:: Your assignment ::
Copy only what lies from the line containing "Jyväskylän vaihtoehtorocklupaus Juicy" through the line containing "Поршневий комплект 95,0" in the entries below, keeping both end lines exact and dropping every picture.

:: Records for this exercise ::
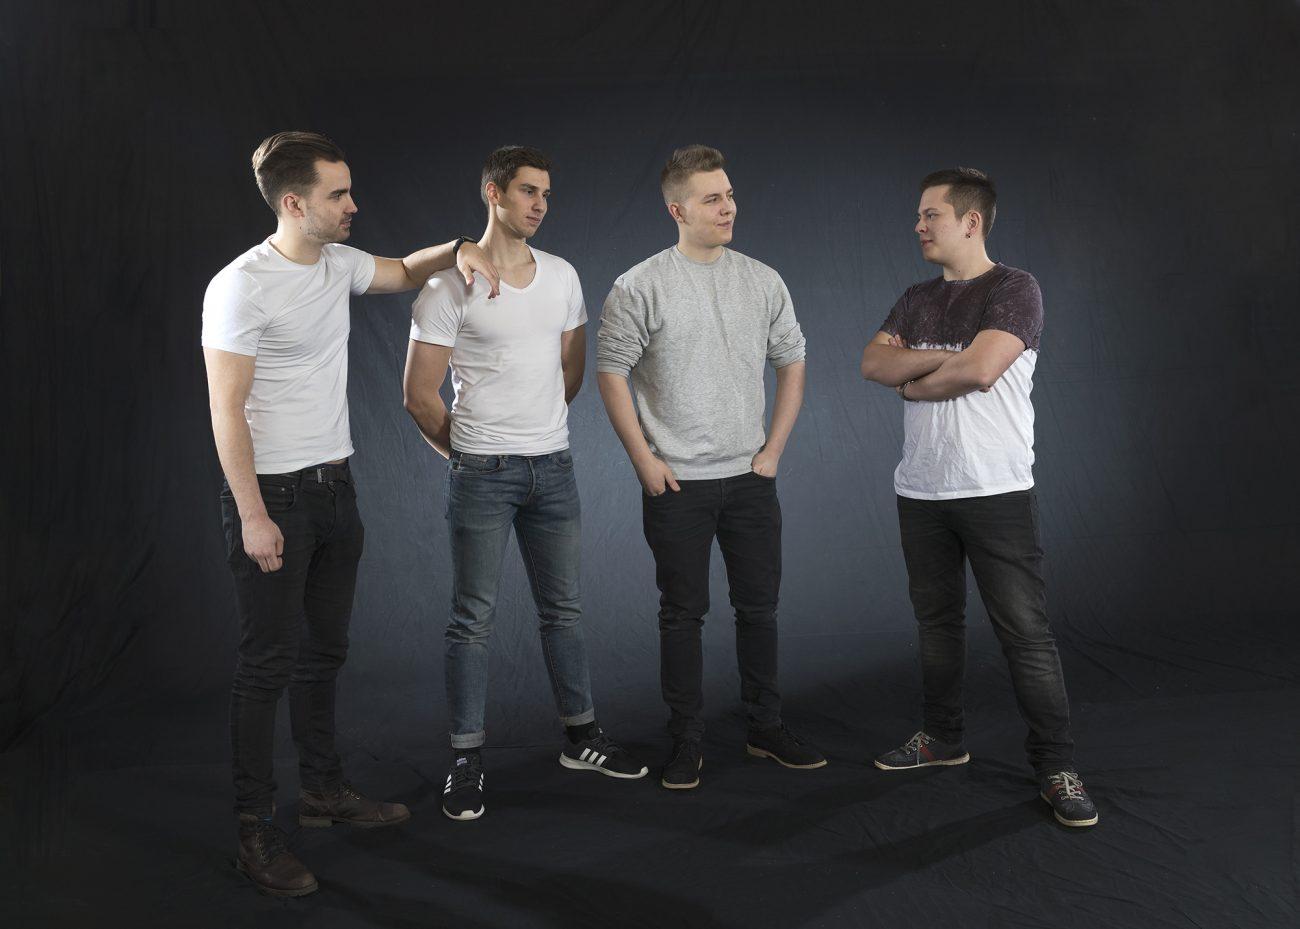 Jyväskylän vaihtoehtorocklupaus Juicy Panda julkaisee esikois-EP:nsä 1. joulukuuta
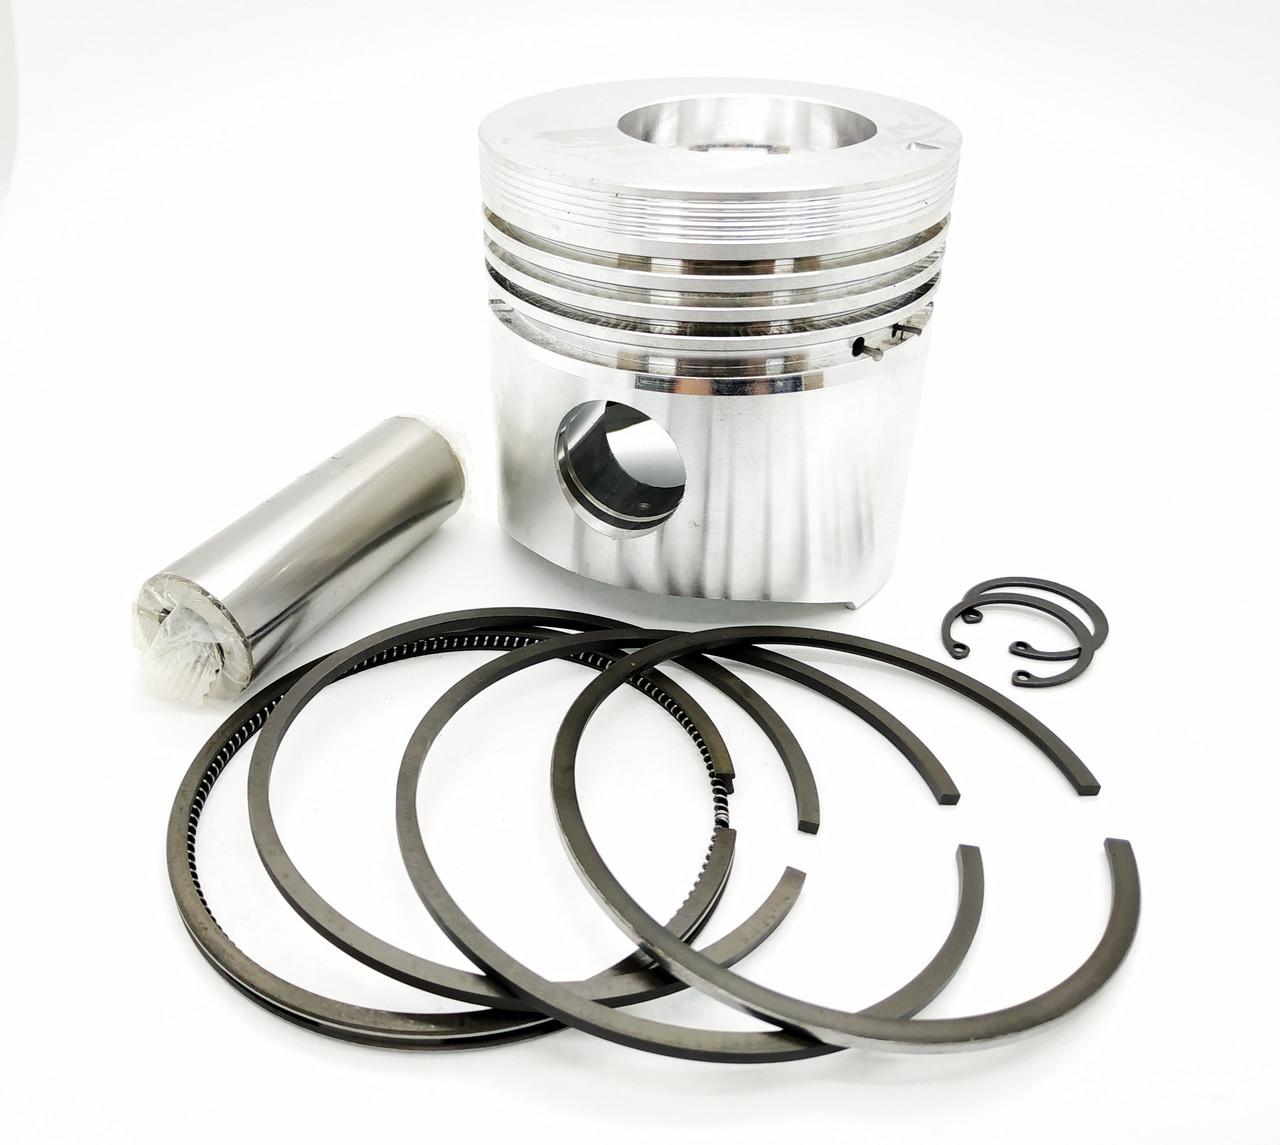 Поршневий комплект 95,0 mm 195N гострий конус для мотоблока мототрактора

---

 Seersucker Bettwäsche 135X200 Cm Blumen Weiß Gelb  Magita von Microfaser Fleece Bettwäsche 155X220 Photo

:: Task answer ::
 Jyväskylän vaihtoehtorocklupaus Juicy Panda julkaisee esikois-EP:nsä 1. joulukuuta
 Поршневий комплект 95,0 mm 195N гострий конус для мотоблока мототрактора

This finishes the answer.